Sejarah telah mencampakan kekuasaan Soeharto yang bersikap tidak bersahabat pada rakyat Tiongkok, gerakan demokrasi dan reformasi terus bergulir meningkatkan nasionalis dan persahabatan yang harmonis antar suku. Masyarakat Tionghoa di Indonesia juga telah meningkat kesadarannya, secara inisiatif mengajukan agar pemerintah memperhatikan setiap masa sejarah sebutan terhadap kelompok suku Tionghoa di Indonesia.

Mayoritas pranakan Tionghoa di Indonesia yang lebih suka dipulihkannya kembali sebutan Tionghoa, mereka tegas menentang sebutan Cina, karena sebutan Cina yang mengandung penghinaan itu sangat melukai perasaan mereka. Tuntutan demikian ini adalah satu tuntutan yang wajar, dan tentunya sangat bermanfaat untuk memperkokoh kerukunan dan persatuan nasional, sangat menguntungkan bagi usaha mendorong maju ketentraman dan kemakmuran masyarakat Indonesia.

6 comments:

  1. saya setuju tulisan tadi, bahwa kata "cina" sesungguhnya adalah kata yang netral. kita lihat saja nama salah satu daerah di Jakarta : Bidara Cina, begitu juga di jawa ada jenis kacang kacangan yang diberi nama kacang cino/kacang tanah ( nama nama ini sudah ada jauh sebelum Soeharto berkuasa). kata "cina" menjadi tidak netral, sesungguhnya hanya karena alasan alasan politis saja. Barangkali sama dengan istilah "Indon" di Malaysia yang digunakan untuk menghina Indonesia.Jadi kalau kata cina memang terkesan menghina, sebaiknya kita pakai kata yang lain yang tidak menyakitkan perasaan, apa sih usahnya?. tapi ada cerita lain yang justru kontras dengan yang saya tulis diatas : kata "Dangdut"awalanya juga sebuah hinaan, tapi sekarang pemusik Melayu (nama sesungguhnya Dangdut) justru bangga disebut Dangdut, begitu juga istilah "Buaya Keroncong" tadinya juga sebutan yang menunjuk orang orang yang sehari hari kerjanya cuma main musik keroncong saja.

    ReplyDelete
  2. Mas Lambertus,

    Tulisan yang sangat komprehensif mengenai penggunaan cina, china, tiongkok... Saya sendiri lebih suka menggunakan "Tiongkok" dan "Tionghoa", atau "Cina" untuk hal2 yang sudah lama digunakan untuk penamaan benda2 seperti petai cina, pacar cina, dsb.

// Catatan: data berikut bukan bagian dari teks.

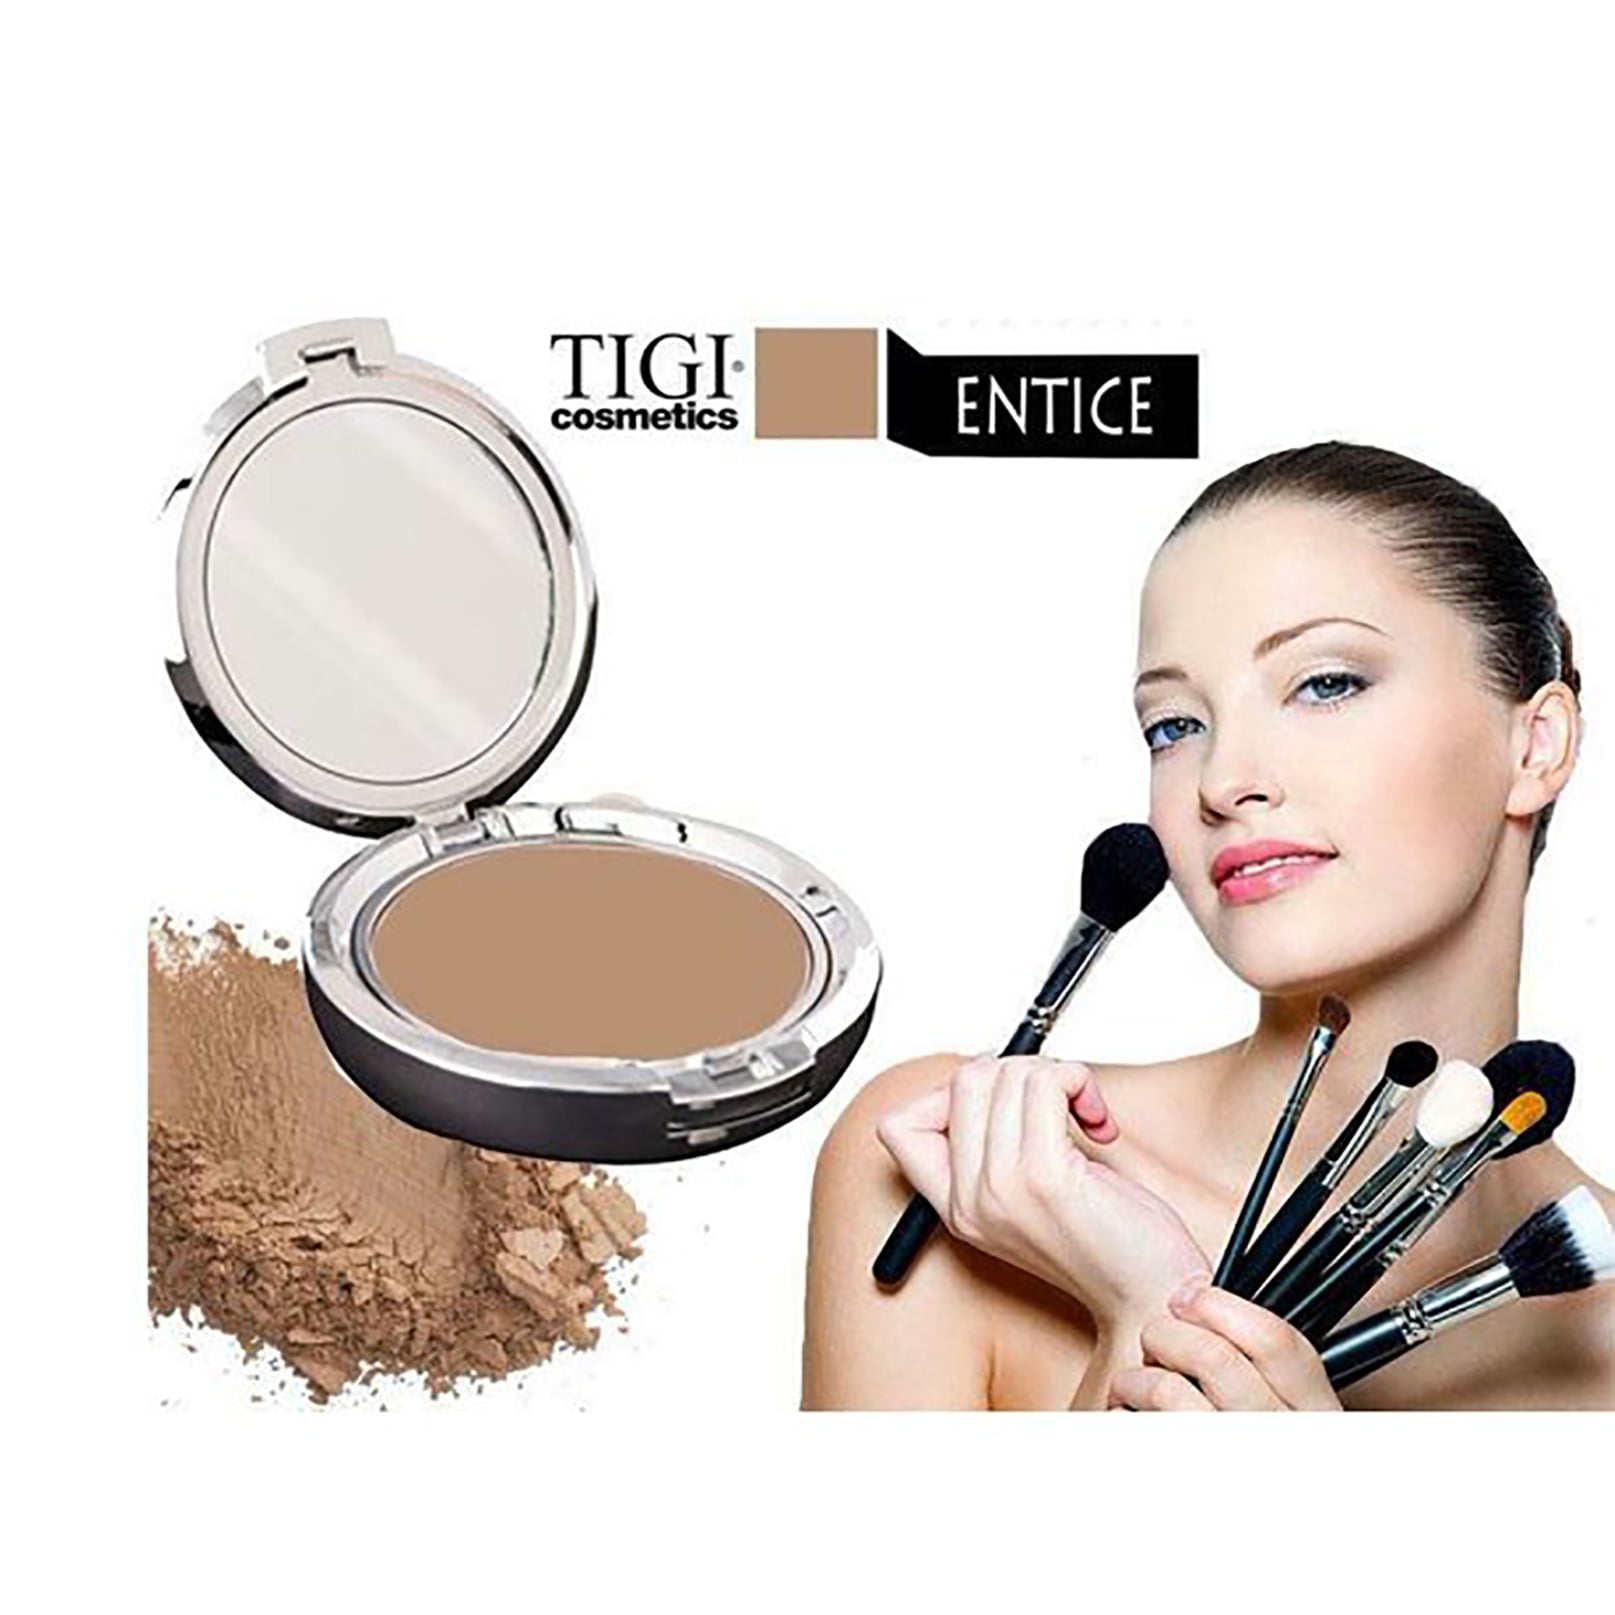 TIGI Cosmetics Powder Foundation Shade All Skin Types Oz - Walmart.com

    Saya akan menggunakan tulisan Mas Lambertus untuk (kiranya diberikan izin) men-seragamkan penamaan Negeri Tirai Bambu ini dalam upaya diplomasi kita... Mudah2an berhasil...

    Sekedar menambahkan, KBBI Online belum menerima penggunaan "china"... Hanya "tiongkok" dan "cina"...

    ReplyDelete
  3. Terima kasih atas apresiasi Mas Santo. Istilah ini sudah lama saya diskusikan dengan beberapa tokoh dan pengusaha Tionghoa, plus pengamat masalah Tionghoa di Surabaya.

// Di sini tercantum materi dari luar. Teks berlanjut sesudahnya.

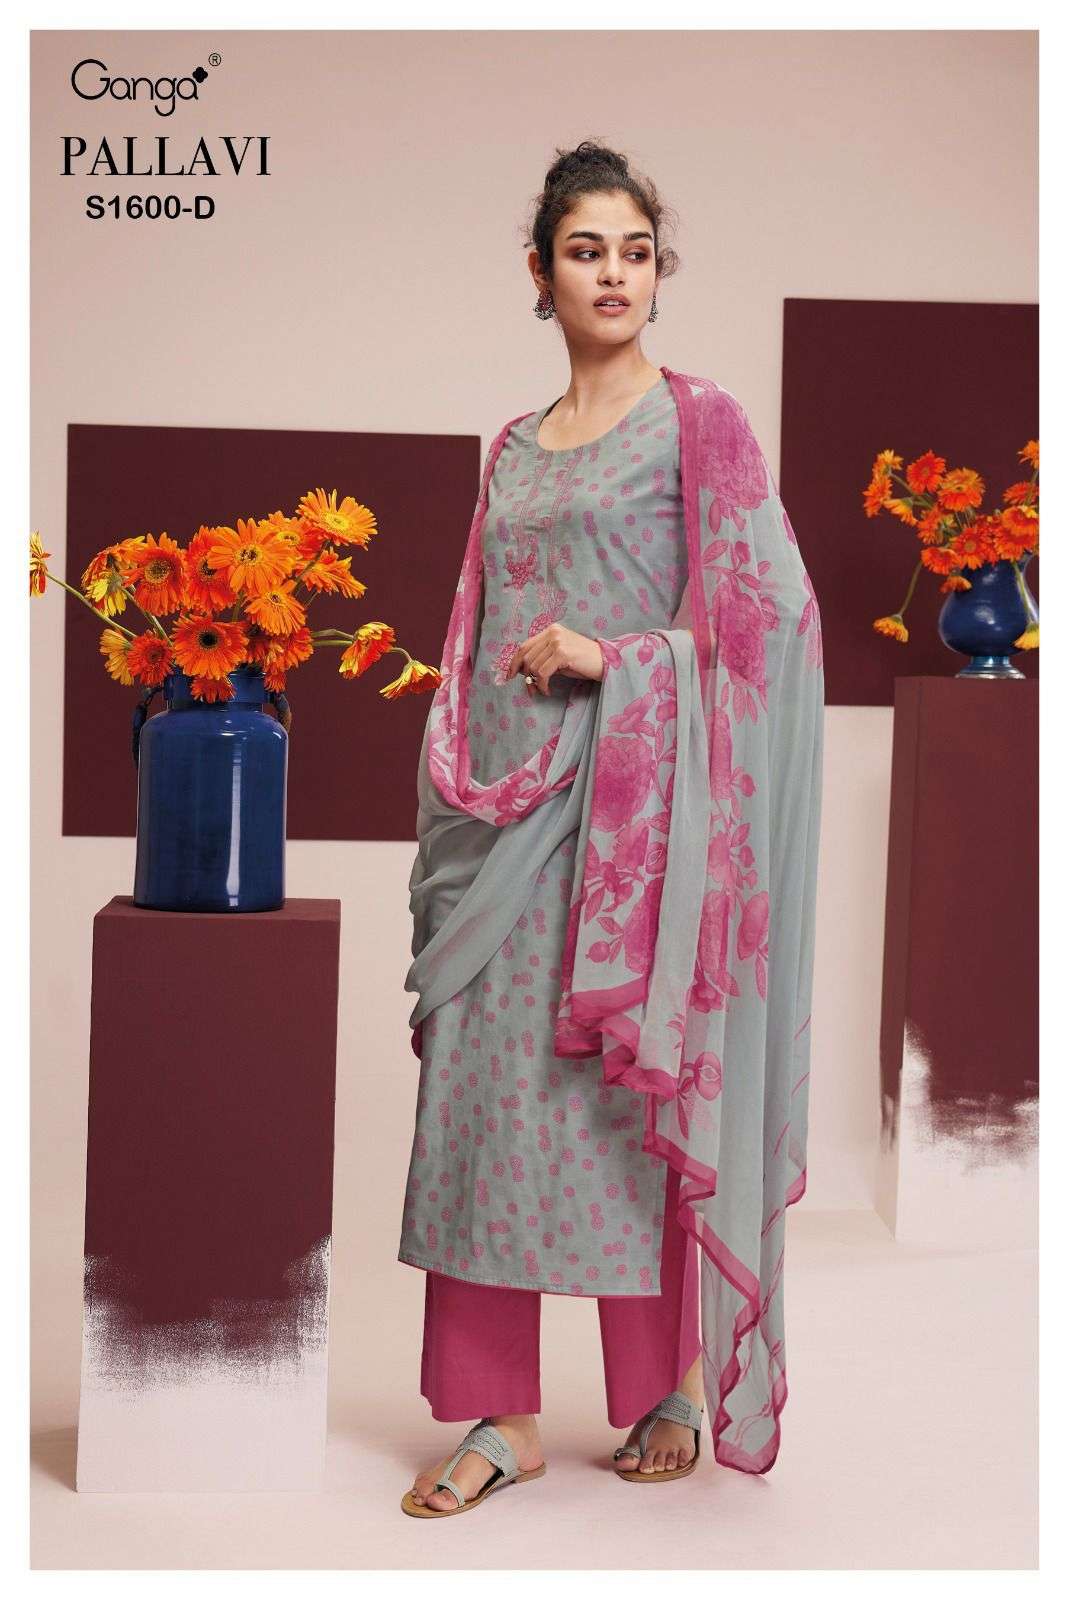 ganga pallavi 1600 series trendy designer top bottom with dupatta latest collection surat

    Memang perlu banyak waktu untuk mengubah pandangan masyarakat Indonesia pada isu Tionghoa ini. Selama Orde Baru kita semua nyaris tidak diberi peluang untuk belajar masalah Tionghoa yang kaya kebudayaan, tradisi, peradaban, dengan bahasa yang luar biasa.

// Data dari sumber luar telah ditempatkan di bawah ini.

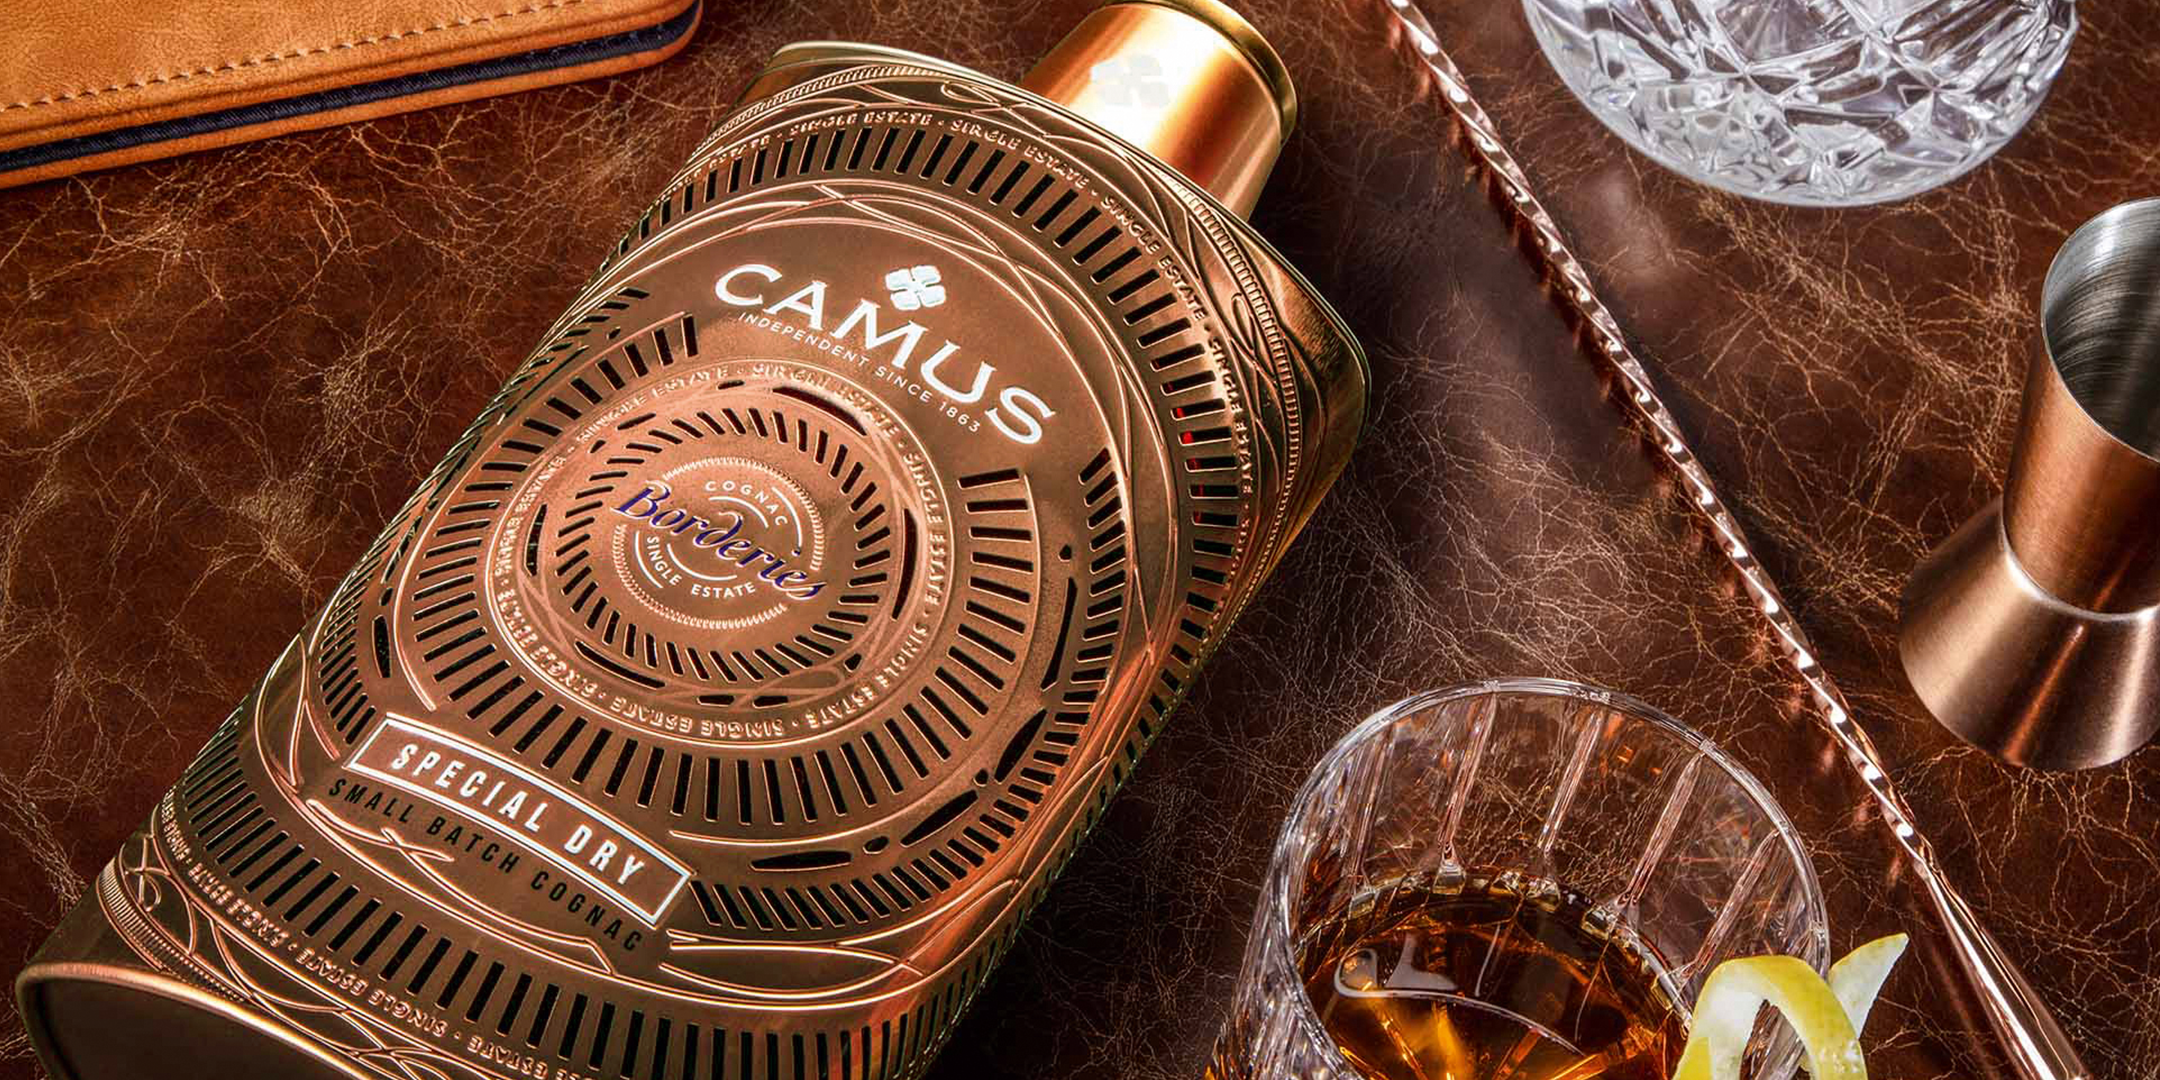 cognac camus borderies special dry

    Bangsa Tiongkok yang sangat percaya diri, tidak begitu saja membebek kekuatan dan pola pikir Barat. Selamat berkarya Mas Santo dan semoga selalu diberkati Tuhan.

    ReplyDelete
  4. Bangsa Tionghoa, bukan Tiongkok..
    Tiongkok = negaranya.. Guo/kok = negara
    San Guo / Sam kok = Tiga negara.

    Tionghoa = orangnya.

    ReplyDelete
  5. ini uraian yg sangat gamblang dan menjelaskan apa yg selamai ini jadi pertanyaan saya.

    ReplyDelete
  6. wow... saya baru tahu setelah membaca artikel ini.
    xiexie ni. salam buat bung hurek.